The parts came in (plan ol Duralast ES4045) which didn't fit. It was kind of obvious. The part they ordered is an L shaped tie rod end, while the actual one on my truck is shaped more like a P, like a trap under a faucet. 

So, am I stuck with the $300 (times two, plus 3 hours labor unless I like redoing my steering) replacement kits (like at http://www2.partstrain.com/products...1~NISSAN~FRONTIER~4~2-dot-4~PUP-FRT-001.html), or does anyone know where I can get the original style (and/or part number so I can find locally)?

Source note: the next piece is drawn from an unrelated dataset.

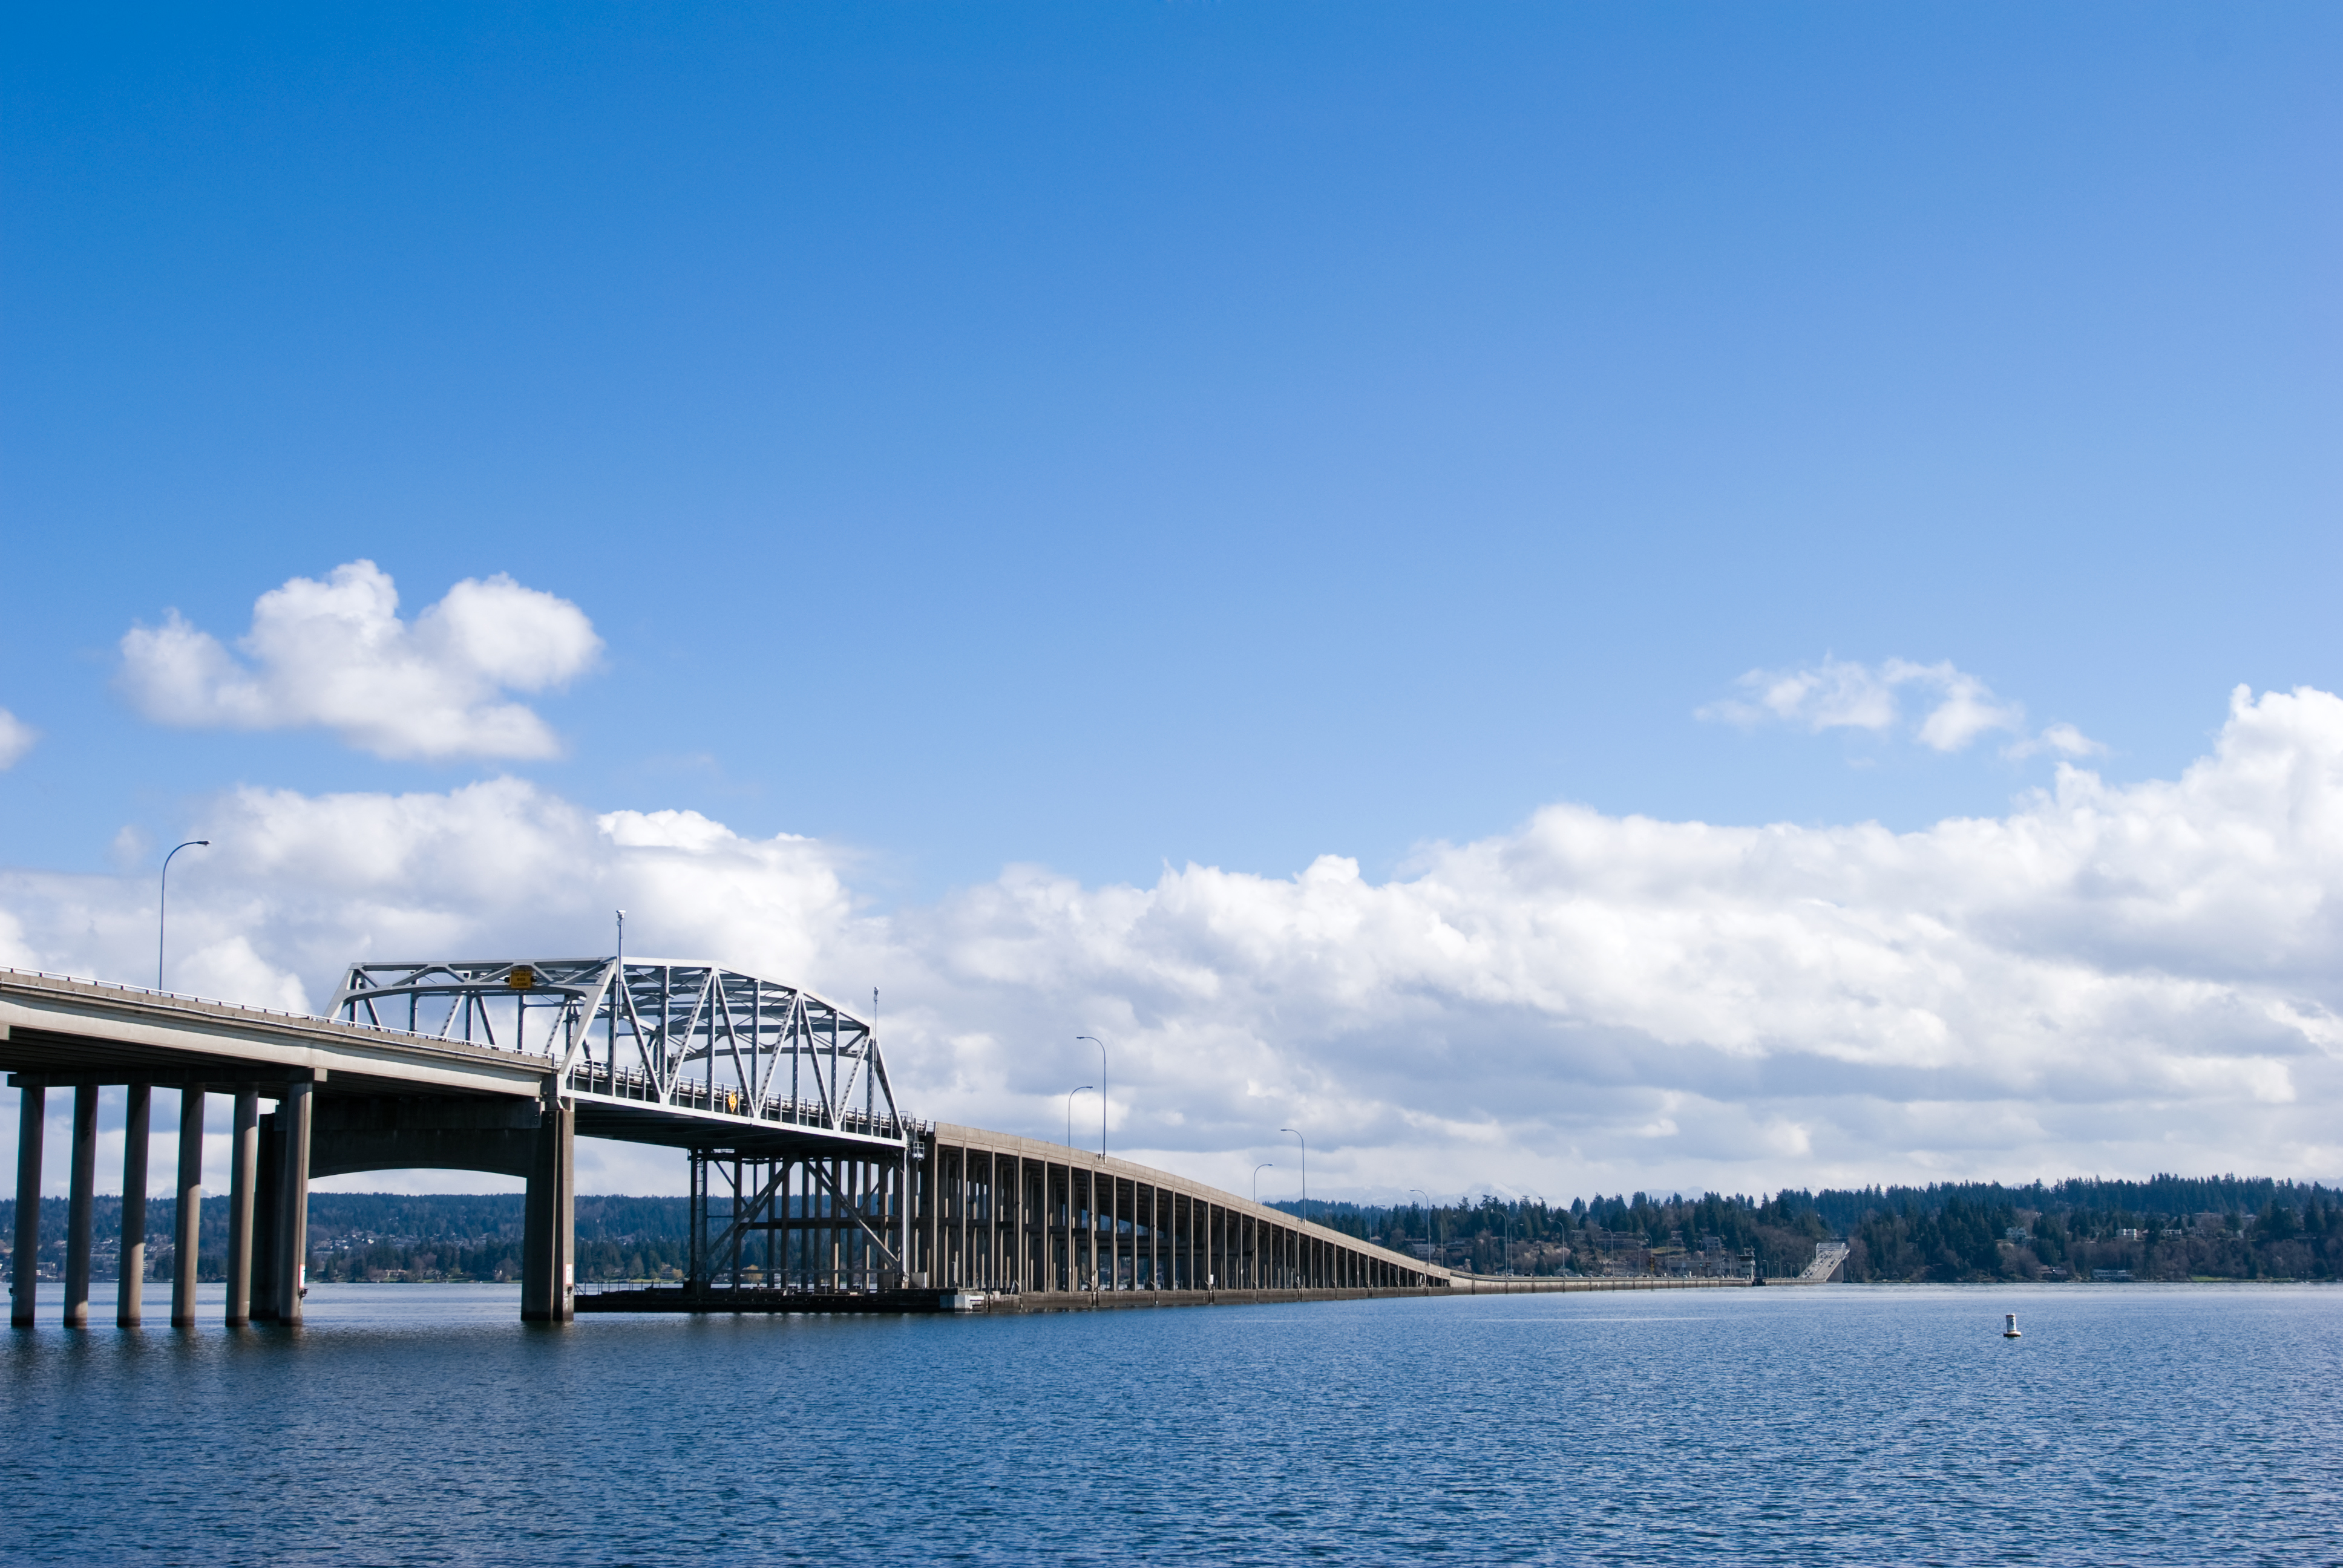 The SR 520, Washington state says, is the longest floating bridge in the world.

It's a 2001 Frontier, 2.4L, Automatic, 2wd (RWD)

Thanks

archangel74


----------



## SPEEDO (Jun 9, 2003)

from Nissan you can not buy just the tie rod (or the ends) they changed the whole steering linkage setup. This part number 48500-3S121 is both tie rods and the center link!
it runs about $295.20 (dealer list) but I found it for $221.40 (oem part) so dont let them sell you tie rods for $300ea !!
Hope that helps you in your quest!


----------



## archangel74 (Apr 11, 2007)

Not quite yet... 
the quest is to find tie rod ends in the older style and not have to pay $600 for a couple of $40 pieces. I'm hoping that someone knows of one of the parts makers that still carries the old style, and what that model number might be so I can hunt it down


----------



## SPEEDO (Jun 9, 2003)

its $220 for the whole linkage set up! They must have stopped making the old style for a reason.... I guess it comes down to how long you want to look for something your probably not going to find! but good luck!


----------



## archangel74 (Apr 11, 2007)

You're right, I'd only need one. Dealer must not have read it that carefully, and neither did I. Where did you find that price? I keep finding $297.

I think I found it though! This is the bend I was talking about---not a straight tie rod end, but with a bend-- Select Your Part | DriveWire.com, Nissan Parts 1998 Frontier 2WD 4-cyl. Nissan Tie Rod End, and I suspect Amazon.com: Japan Tie Rod End - 98-00 Nissan Frontier 4WD 4-cyl. KA24DE: Automotive

Thought I'd post them since someday someone else might want to find them. It's apparently for the paralellogram steering in old RWD trucks, and it's a different setup in the 4x4's and some of the newer 4x2's.

Thanks!


----------